Federal Court Decision – What Employers Must Do with Annualised Salary Workers
A recent Federal Court ruling has introduced important changes for employers who pay employees on an annualised salary when those employees are covered by an award or enterprise agreement. The decision makes clear that annual salaries can no longer be used to offset employee entitlements over the course of a year. Instead, compliance must be demonstrated in each individual pay-period.
Here’s what you need to know, why it matters, and what you should do.
“Annualised salary arrangements are more than a payroll mechanism. When employers apply them correctly in each pay period, they uphold transparency, respect employee entitlements, and strengthen trust across the workplace.”
Key Points from the Ruling
The Federal Court (Justice Perram) determined that employers cannot rely on an annual salary to meet award or agreement entitlements across the entire year. Instead, any “set-off” of the salary against those entitlements must be assessed on a pay-period-by-pay-period basis.

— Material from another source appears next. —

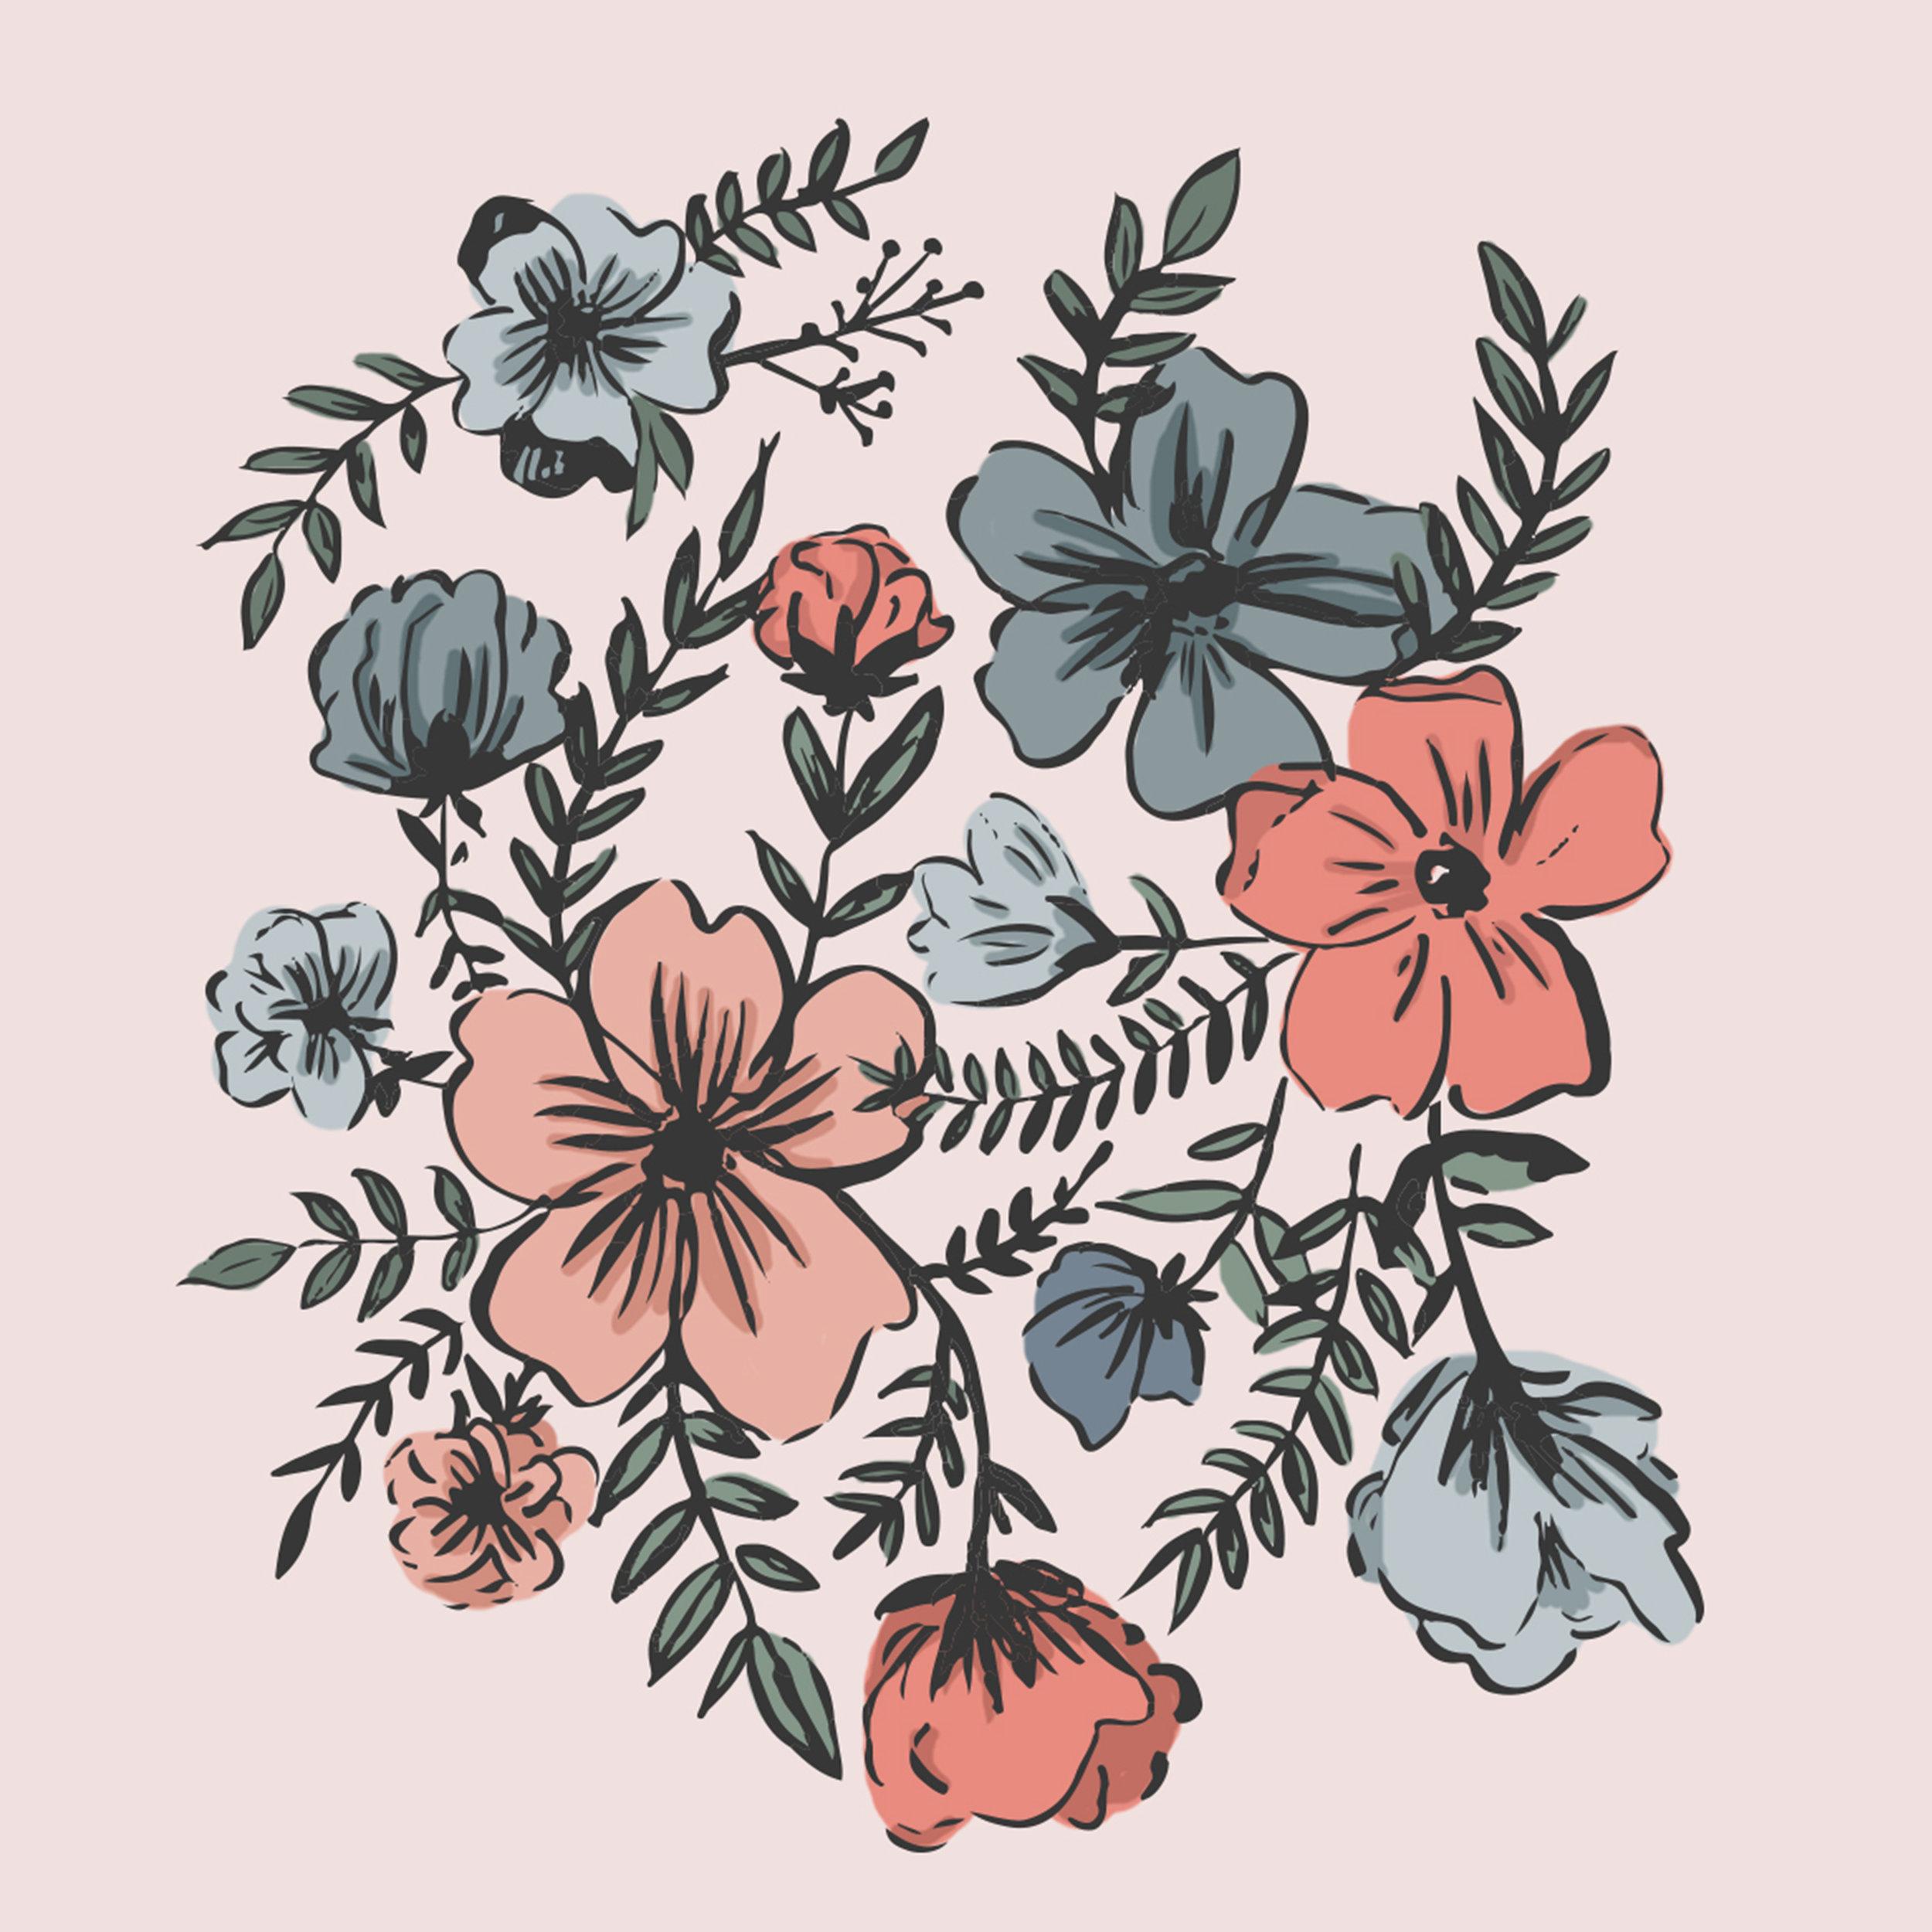 flowers-1-victoriabilsborough.jpg

If an employee’s salary for a given pay period falls short of what they are owed under the award (including penalties, overtime, allowances, etc.), the employer must top it up in that specific pay period. Surpluses in one period cannot be carried forward to cover deficits in another.
Why the Ruling Matters
Employers using annualised salary arrangements now face greater administrative burden. Where employee work hours and patterns fluctuate, ensuring compliance per pay period will require close monitoring and possibly more resource investment.
Contracts with “set-off” clauses (where an employer says the annual salary covers all award obligations) will need to be carefully reviewed. It will not be enough simply to show that over a year the salary totalled more than what was required; each pay period must stand on its own.
Record keeping will be under greater scrutiny. Employers must keep accurate, detailed records of hours worked, start/finish times, overtime, penalties, allowances, etc. Simply relying on high-level summaries or rosters without supporting evidence may no longer suffice.
Practical Example
To illustrate the implication:
Before the decision: Suppose Anna is on an annual salary of $70,000 and paid fortnightly. Her award requires $2,497 per fortnight; her salary provides $2,692. Over some periods she might work penalty or overtime hours that push her award entitlement above $2,692; in others, she might work “only” her standard hours and be ahead. Employers may have argued that the annual salary averaged out to cover all entitlements over the year.
After the decision: If in a fortnight Anna’s award entitlement is $2,750 (because of overtime or penalties), the employer must top up the $2,692 salary by $58 in that pay period. Any fortnights where the salary “exceeded” the entitlement cannot be used to compensate for others where there was a shortfall.
What Employers Should Do Now
To ensure compliance and avoid risk, employers should:
Review employment contracts that include annual salary and set-off clauses. Ensure that the contract wording reflects the need to meet award entitlements in each pay period.
Audit payroll practices: assess whether every pay period meets the relevant award obligations. Identify periods of shortfall, and adjust practices accordingly.
Upgrade record keeping systems: track all hours worked (including overtime and penalties), start and finish times, allowances and bonuses. Ensure records are detailed, reliable, and accessible.
Avoid informal arrangements: informal or undocumented understandings about variations to entitlements carry risk. Ensure everything is documented and consistent with award requirements.
Seek legal or specialist advice if unsure, especially in roles with fluctuating hours, or where annualised salary arrangements are used extensively.
What Might Happen Next
This decision is subject to appeal. Until then, however, it sets a legal precedent indicating how similar cases are likely to be judged.
Employers should prepare for increased scrutiny from regulators such as the Fair Work Ombudsman. They are likely to focus on set-off arrangements and whether employers are keeping adequate records.
Some organisations may decide that annualised salaries are no longer practical in certain roles, particularly those with variable hours, shift penalties or frequent overtime. Alternatives (such as more precise hourly or shift based pay) may become more common.
Conclusion
This ruling signals a shift. Employers can no longer rely on annual salary figures alone to meet legal obligations under awards and agreements. Instead compliance must be demonstrated every pay period. For many businesses this will mean reviewing contracts, adjusting pay practices, strengthening record keeping, and being vigilant about potential shortfalls.
If your organisation uses annualised salary or set-off clauses, now is the time to act. Staying ahead will reduce the risk of non-compliance and protect both your people and your organisation.